Осторожно переставляя ноги по обледенелой тропинке, Ольга спешно пошагала в сторону лаборатории. Ее сотрудницы, накинув шубы на больничные халаты, курили перед входом. Ольге хотелось их отругать, но бранить курящих, когда ты сама опаздываешь, казалось неэтичным, поэтому она молча прошагала мимо. Краем глаза Ольга заметила, как ее бывшая однокурсница, а сейчас подчиненная, Марина, хвастала лаборанткам новыми сережками с бриллиантами. Девушки с интересом рассматривали украшения, любуясь камнями и восторгаясь щедростью мужа, сделавшего такой подарок.

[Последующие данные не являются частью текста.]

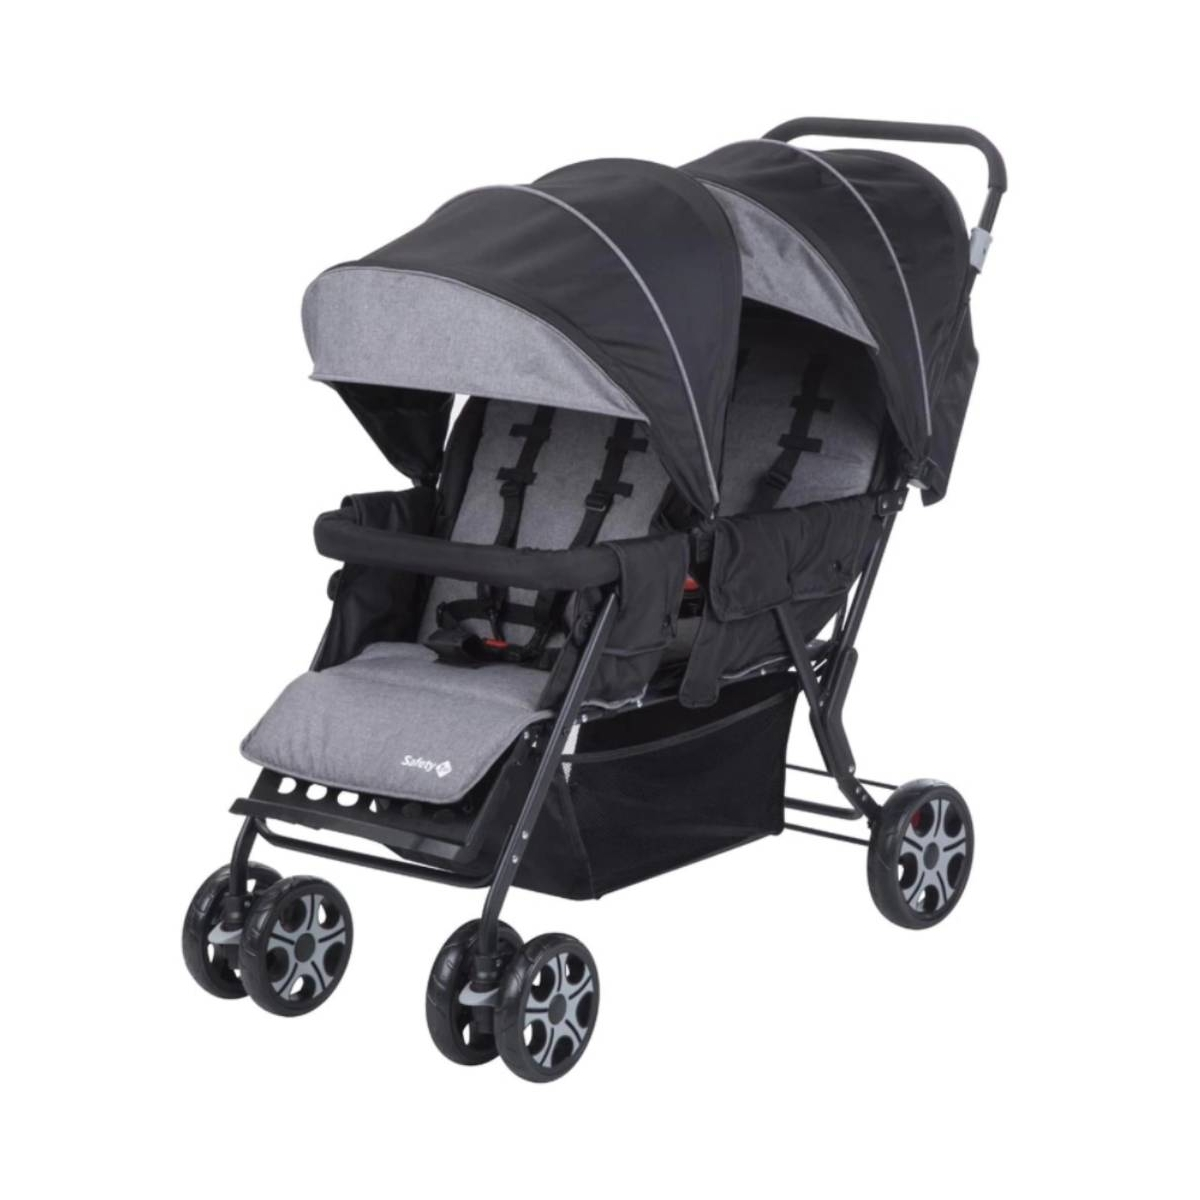 Safety 1st Teamy Stroller-Black Chic (NEW 2021)

– Пошли работать, а то мымра опять премии лишит, – услышала Ольга, закрывая за собой входную дверь.
– Можно подумать, им без меня заняться нечем, – подумала Ольга, и быстро поднялась к своему кабинету.
Она сняла пуховик, включила микроскоп и остановилась в задумчивости. Блестящие даже при слабом освещении камушки из Маринкиных сережек стояли у нее перед глазами.
Ольге казалось, что еще совсем недавно небесно-голубые глаза Марины светились ярче любых бриллиантов. Девушка из бедной провинциальной семьи, сдававшая на пятерки экзамены и мечтавшая стать врачом, Марина была одной из лучших на курсе.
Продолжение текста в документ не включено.